Excluding any images, copy all of the lines below precisely as written.

RECORDED INFORMATION
+===+

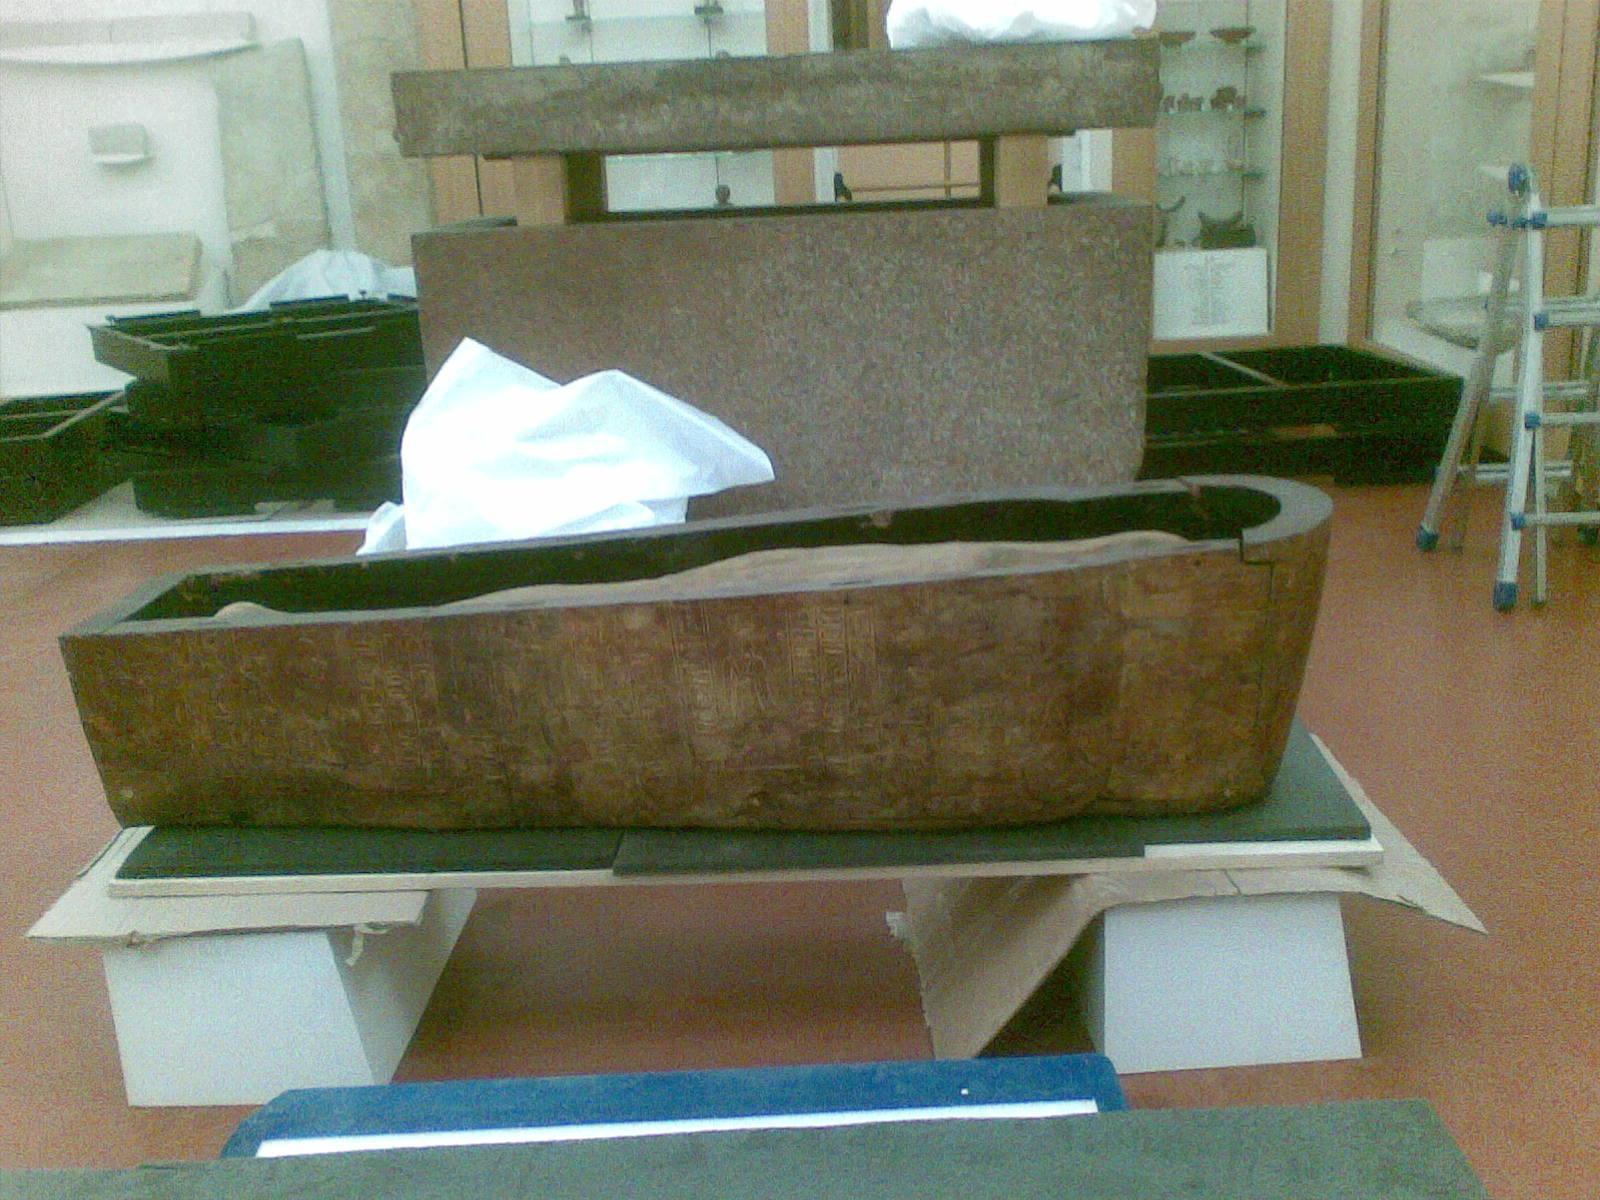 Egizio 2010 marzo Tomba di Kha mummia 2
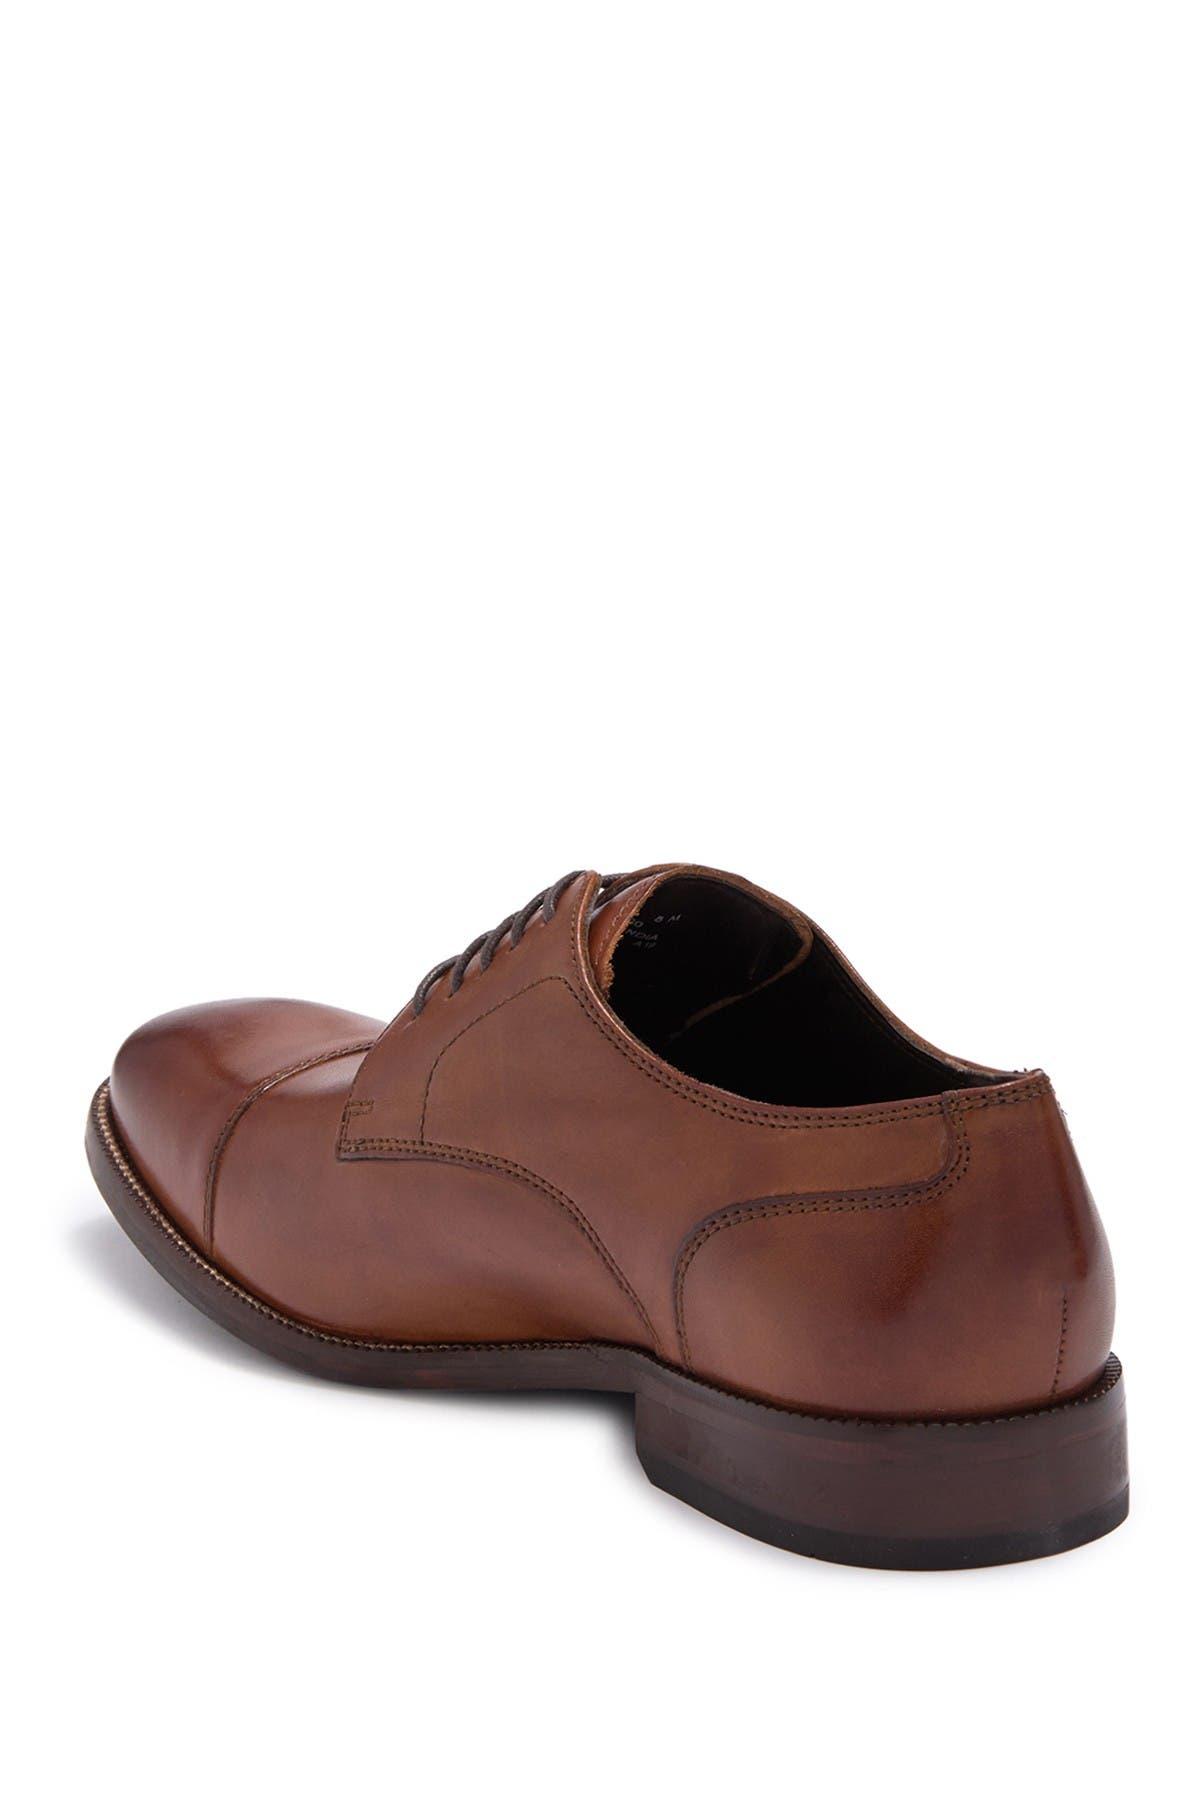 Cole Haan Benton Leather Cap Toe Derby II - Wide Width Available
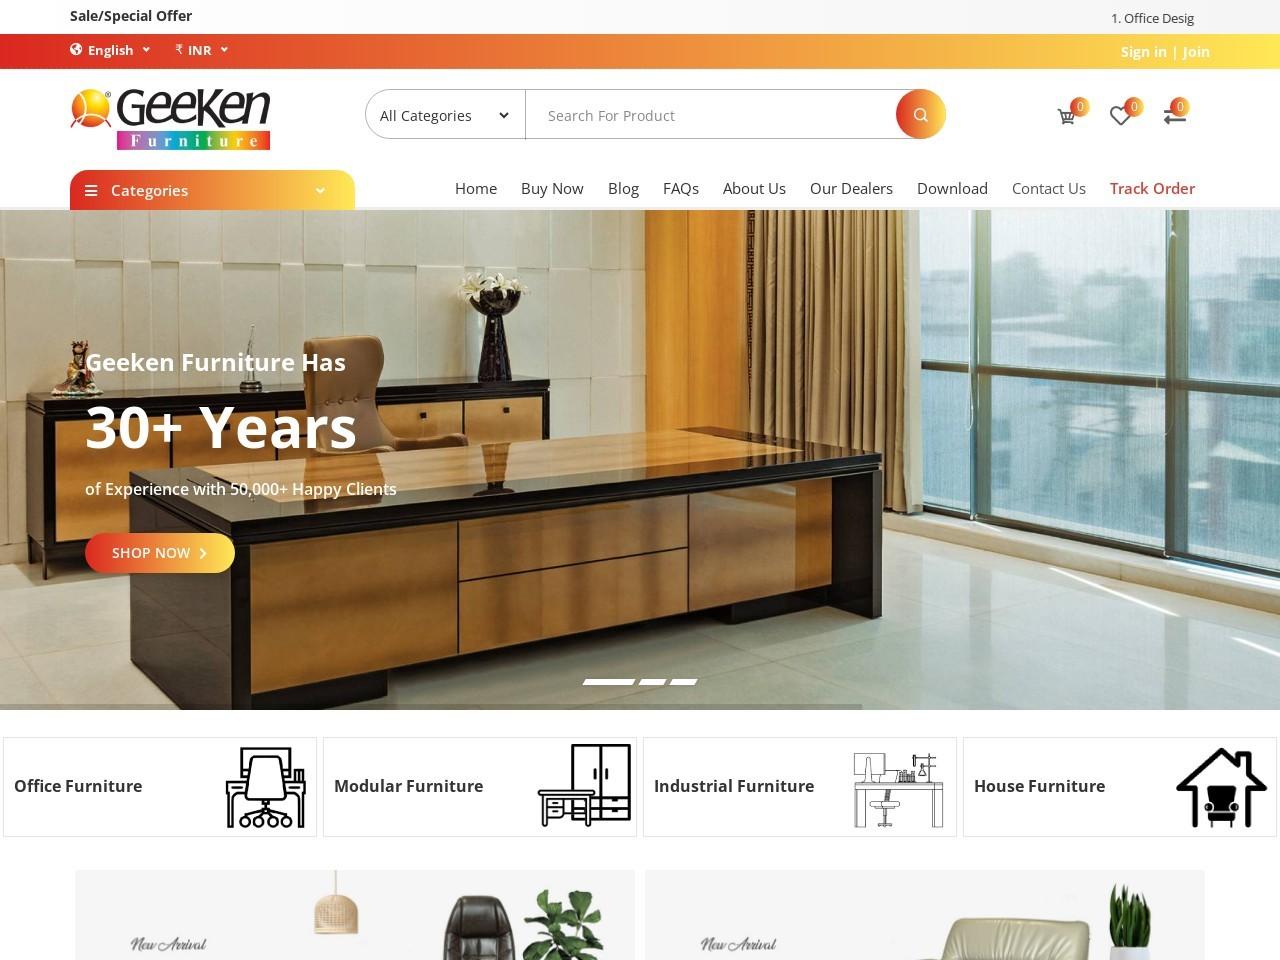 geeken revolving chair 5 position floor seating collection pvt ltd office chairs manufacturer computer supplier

+===+

TASK OUTPUT
 Egizio 2010 marzo Tomba di Kha mummia 2
 Cole Haan Benton Leather Cap Toe Derby II - Wide Width Available
 geeken revolving chair 5 position floor seating collection pvt ltd office chairs manufacturer computer supplier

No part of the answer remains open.